What is required: With the material below, print exactly the lines between the line holding "Stickers carrelage 15x15" and the line holding "Pressebericht im Westfalen-Blatt", inclusive. Add nothing else.
---------- Data to process ----------
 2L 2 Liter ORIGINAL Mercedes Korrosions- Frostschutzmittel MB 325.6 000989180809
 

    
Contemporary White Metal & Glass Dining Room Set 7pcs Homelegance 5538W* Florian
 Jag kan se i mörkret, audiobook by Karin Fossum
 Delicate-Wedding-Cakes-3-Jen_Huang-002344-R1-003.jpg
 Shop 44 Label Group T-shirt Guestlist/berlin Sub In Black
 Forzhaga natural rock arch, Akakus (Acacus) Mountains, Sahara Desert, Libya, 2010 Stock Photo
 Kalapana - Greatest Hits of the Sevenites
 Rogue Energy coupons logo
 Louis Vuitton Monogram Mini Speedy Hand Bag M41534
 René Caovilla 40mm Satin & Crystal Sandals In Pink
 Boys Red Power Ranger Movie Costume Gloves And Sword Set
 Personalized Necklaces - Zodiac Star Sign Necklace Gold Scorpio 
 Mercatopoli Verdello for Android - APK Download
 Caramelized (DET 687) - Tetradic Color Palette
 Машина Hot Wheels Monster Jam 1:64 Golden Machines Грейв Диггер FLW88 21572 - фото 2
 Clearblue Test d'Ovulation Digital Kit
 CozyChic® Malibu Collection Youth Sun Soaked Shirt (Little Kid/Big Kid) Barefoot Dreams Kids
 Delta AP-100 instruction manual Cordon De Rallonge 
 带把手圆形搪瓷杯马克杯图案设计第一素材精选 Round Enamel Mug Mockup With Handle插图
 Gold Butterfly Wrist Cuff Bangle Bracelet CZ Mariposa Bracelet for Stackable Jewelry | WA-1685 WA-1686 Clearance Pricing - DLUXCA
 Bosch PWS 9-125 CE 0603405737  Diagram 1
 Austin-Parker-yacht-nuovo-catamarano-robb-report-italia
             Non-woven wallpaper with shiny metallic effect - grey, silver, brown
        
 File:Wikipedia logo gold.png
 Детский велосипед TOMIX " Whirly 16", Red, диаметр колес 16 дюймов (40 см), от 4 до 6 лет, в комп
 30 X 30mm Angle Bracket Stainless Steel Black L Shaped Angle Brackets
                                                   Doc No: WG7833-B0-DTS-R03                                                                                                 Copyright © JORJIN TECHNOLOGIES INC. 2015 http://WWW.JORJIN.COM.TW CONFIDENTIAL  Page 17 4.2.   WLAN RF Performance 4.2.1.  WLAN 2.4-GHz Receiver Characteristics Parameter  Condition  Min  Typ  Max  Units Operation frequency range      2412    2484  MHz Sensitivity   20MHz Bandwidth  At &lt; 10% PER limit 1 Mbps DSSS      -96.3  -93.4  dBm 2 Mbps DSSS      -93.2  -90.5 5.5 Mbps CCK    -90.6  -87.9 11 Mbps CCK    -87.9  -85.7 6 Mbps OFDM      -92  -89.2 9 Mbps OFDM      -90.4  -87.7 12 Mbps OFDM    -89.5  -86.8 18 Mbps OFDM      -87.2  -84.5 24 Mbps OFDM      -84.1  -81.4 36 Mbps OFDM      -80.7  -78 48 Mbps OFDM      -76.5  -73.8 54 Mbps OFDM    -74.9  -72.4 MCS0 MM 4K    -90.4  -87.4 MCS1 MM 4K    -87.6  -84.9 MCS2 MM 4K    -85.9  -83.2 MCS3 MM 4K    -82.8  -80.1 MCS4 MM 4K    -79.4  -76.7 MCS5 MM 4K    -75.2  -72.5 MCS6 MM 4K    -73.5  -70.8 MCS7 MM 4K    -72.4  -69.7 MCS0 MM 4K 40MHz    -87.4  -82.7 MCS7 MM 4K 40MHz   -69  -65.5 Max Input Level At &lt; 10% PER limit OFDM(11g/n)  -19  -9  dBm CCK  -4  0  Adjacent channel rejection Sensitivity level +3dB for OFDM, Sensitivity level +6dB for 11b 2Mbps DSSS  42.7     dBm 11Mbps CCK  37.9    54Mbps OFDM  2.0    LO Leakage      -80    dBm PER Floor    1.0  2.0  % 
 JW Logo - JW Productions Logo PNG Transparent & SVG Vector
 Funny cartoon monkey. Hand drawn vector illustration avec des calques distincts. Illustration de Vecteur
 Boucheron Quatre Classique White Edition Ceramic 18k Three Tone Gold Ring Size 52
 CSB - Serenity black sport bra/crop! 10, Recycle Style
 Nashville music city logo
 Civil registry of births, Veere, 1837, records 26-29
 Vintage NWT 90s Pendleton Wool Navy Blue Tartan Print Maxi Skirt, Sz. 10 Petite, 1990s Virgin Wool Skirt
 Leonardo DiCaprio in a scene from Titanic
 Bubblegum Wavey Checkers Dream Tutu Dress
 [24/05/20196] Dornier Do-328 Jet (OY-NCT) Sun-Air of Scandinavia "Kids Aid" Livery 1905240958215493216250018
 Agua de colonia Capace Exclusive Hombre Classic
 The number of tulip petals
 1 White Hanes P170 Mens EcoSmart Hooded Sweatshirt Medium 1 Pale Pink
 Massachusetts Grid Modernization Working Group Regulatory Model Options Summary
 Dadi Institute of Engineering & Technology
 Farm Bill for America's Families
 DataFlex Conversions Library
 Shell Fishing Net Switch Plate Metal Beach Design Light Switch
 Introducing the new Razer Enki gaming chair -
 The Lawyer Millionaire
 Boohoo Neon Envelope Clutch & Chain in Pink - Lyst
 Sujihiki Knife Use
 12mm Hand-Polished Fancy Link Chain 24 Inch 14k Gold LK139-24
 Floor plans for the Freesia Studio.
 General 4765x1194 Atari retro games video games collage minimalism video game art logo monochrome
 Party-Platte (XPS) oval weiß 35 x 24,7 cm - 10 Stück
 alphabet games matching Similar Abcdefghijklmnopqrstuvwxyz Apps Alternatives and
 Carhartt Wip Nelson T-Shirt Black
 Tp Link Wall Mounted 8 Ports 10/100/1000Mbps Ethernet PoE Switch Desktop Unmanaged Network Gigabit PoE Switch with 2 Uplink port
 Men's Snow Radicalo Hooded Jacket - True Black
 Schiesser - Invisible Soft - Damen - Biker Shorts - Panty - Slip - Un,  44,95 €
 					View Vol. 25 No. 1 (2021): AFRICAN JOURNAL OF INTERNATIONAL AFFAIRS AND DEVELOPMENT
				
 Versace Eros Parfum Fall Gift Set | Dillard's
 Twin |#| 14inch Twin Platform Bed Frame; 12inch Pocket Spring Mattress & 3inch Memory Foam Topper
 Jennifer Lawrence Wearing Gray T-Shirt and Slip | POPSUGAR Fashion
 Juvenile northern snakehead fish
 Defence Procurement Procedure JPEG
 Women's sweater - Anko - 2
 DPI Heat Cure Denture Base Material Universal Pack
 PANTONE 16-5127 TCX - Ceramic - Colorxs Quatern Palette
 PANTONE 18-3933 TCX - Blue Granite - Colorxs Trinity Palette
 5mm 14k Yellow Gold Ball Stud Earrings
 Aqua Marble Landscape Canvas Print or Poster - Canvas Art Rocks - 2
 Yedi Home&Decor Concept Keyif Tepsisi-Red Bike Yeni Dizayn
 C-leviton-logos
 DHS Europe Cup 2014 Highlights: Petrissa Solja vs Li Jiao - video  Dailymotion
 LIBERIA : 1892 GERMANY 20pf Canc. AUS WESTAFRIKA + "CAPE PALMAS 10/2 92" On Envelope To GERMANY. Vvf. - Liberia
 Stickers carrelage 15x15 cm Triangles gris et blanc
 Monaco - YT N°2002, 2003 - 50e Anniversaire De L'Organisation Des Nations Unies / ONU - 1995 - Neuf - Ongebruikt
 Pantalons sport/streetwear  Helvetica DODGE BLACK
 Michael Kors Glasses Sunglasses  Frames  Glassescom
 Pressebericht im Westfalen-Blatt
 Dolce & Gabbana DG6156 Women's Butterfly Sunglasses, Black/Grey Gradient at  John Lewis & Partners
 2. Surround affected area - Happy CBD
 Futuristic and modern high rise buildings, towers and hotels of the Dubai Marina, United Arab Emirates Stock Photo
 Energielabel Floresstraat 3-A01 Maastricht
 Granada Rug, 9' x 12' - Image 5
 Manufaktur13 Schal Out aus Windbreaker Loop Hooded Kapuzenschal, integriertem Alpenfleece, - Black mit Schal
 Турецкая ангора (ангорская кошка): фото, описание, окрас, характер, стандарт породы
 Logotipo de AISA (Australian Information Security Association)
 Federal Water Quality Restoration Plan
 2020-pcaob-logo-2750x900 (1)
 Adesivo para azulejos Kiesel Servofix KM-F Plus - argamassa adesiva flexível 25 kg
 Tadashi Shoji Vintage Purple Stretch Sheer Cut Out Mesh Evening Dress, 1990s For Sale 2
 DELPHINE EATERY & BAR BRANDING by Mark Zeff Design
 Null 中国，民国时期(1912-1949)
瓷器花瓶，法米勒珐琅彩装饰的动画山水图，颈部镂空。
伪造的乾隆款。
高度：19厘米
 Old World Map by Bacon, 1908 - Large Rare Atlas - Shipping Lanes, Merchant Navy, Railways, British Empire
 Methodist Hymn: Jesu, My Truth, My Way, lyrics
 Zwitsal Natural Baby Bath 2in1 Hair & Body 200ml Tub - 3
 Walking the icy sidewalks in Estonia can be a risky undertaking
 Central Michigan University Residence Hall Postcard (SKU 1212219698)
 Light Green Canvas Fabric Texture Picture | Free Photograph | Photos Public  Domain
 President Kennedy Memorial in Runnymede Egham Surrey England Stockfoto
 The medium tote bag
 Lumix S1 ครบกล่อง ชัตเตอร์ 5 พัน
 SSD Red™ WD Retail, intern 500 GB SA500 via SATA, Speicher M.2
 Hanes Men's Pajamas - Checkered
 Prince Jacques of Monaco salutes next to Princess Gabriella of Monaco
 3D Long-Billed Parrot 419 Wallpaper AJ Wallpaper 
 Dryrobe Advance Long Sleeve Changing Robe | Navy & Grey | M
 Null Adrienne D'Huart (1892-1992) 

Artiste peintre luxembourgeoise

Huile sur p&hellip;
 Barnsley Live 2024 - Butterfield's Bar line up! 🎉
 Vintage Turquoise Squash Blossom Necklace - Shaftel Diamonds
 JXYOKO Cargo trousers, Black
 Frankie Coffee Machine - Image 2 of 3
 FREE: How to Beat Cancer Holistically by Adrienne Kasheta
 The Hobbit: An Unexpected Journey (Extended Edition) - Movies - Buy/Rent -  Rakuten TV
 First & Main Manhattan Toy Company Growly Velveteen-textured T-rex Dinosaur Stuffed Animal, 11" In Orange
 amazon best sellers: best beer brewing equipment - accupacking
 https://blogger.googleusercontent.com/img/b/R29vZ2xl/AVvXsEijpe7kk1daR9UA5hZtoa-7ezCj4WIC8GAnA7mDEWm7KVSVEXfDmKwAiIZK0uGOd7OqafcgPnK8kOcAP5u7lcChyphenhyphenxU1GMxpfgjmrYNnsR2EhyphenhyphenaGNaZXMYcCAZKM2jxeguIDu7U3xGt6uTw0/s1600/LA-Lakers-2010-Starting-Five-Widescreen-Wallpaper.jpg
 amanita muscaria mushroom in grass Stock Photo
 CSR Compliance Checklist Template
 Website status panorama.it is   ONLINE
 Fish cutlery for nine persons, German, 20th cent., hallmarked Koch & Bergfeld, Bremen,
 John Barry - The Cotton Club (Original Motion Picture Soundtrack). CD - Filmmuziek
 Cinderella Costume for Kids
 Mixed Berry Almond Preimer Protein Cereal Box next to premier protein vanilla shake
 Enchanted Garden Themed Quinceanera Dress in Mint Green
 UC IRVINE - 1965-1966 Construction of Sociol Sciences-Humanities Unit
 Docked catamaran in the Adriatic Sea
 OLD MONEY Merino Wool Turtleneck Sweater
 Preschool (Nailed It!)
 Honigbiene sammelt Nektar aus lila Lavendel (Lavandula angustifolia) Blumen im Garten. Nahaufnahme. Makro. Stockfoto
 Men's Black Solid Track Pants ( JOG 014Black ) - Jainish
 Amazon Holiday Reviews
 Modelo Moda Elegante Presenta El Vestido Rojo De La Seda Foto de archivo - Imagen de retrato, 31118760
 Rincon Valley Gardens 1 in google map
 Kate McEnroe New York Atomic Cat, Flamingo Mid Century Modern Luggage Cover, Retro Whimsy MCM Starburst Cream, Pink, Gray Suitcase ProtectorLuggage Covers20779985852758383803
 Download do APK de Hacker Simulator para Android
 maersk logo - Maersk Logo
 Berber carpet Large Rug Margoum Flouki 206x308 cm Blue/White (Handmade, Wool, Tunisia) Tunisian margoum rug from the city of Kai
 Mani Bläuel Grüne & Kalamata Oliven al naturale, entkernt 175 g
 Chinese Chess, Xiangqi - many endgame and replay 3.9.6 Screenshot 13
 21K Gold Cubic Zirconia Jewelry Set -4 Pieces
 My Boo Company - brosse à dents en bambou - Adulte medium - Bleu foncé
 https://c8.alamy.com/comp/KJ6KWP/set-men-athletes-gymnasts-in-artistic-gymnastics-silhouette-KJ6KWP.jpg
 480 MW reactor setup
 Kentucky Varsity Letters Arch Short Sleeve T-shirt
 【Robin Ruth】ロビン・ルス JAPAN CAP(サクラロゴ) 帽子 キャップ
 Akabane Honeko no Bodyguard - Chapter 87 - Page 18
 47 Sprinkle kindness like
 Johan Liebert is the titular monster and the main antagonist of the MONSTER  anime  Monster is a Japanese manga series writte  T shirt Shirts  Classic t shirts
----------
Completed task:
 Stickers carrelage 15x15 cm Triangles gris et blanc
 Monaco - YT N°2002, 2003 - 50e Anniversaire De L'Organisation Des Nations Unies / ONU - 1995 - Neuf - Ongebruikt
 Pantalons sport/streetwear  Helvetica DODGE BLACK
 Michael Kors Glasses Sunglasses  Frames  Glassescom
 Pressebericht im Westfalen-Blatt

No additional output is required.